Subway growth benefits newspaper

As the subway system in Guangzhou expands prior to the start of the 2010 Asian Games, so have the earnings of a free metro newspaper in the southern city.

Citing fatter advertising revenues since its launch three years ago, Guangzhou Metro Daily posted around 30 percent growth in ad revenues in the first half of this year and expects even better growth in the second half, editor-in-chief Jiao Xiangyang said.

The newspaper reported a more than 90 percent increase in earnings from advertisements last year, despite the economic downturn and a drastic drop in ads following the massive Wenchuan earthquake.

The newspaper generated more than 10 million yuan in advertising revenues in 2007.

The tabloid newspaper, published by Guangzhou Daily Press Group and Guangzhou Metro Corp, offers 16 color pages with news, consumer information and supplements.

Published five days a week, it has a circulation of more than 200,000.

The weekday paper is distributed at all the city's metro stations, top office buildings, high-end restaurants and hotels, and also at some shuttle bus stations used by high-end property owners.

With a registered capital of 30 million yuan, the giveaway paper nearly broke even last year and "should be able to make some profit this year", editor Jiao said.

The first free daily commuter newspaper in the world was introduced in Sweden in 1995.

The metro paper in China first appeared in Shanghai in 2004. Beijing and Nanjing also have commuter newspapers.

As Guangzhou prepares for the Asian Games in November 2010, Jiao said he has a stronger reason to be confident about his newspaper.

Guangzhou's metro network, measuring 116 km with four lines, carries more than 1 million passengers a day, according to Guangzhou Metro Corp.

The network transported an average 2.38 million passengers each day during this year's three-day May Day holidays.

By the end of this year, the system will boast five lines with 91 stations stretching 150 km.

Next year, the metro system will have eight lines and more than 140 stations stretching more than 200 km.

Daily passenger throughput next year is expected to hit 3.5 million.

As the metro network grows to accommodate longer trips, commuters will have more time to spend reading metro newspapers, said Fan Yijin, dean of the College of Journalism and Communications at Guangzhou-based Jinan University.

Relatively high ticket prices for riding the Guangzhou metro system, compared with those in some other cities, translates into stronger purchasing power among its passengers - an attribute favored by advertisers.

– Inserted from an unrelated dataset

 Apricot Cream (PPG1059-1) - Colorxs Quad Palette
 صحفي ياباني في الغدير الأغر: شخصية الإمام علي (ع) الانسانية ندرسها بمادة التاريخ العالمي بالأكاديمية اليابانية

A full trip along Line 1 of Guangzhou metro costs 5 yuan. Along Line 4, it's 9 yuan.

Jiao especially likes the future demographics of Line 5, now under construction, which will link a number of the city's shopping areas.

Shopping advertisements make up about 28 percent of the newspaper's advertising income, he said.

As the rails reach to less developed areas of the city and on to the neighboring city of Foshan, Jiao said real estate advertisements surely will follow.

"The expanding metro system has been redirecting the flow of wealth," Jiao said.

The Asian Games will also boost advertising revenues, he said.

An increasingly mobile population and longer commuter trips make this an opportune time to operate free newspapers, said Hou Yingzhong, a professor at the College of Journalism and Communications at Guangdong University of Foreign Studies in Guangzhou.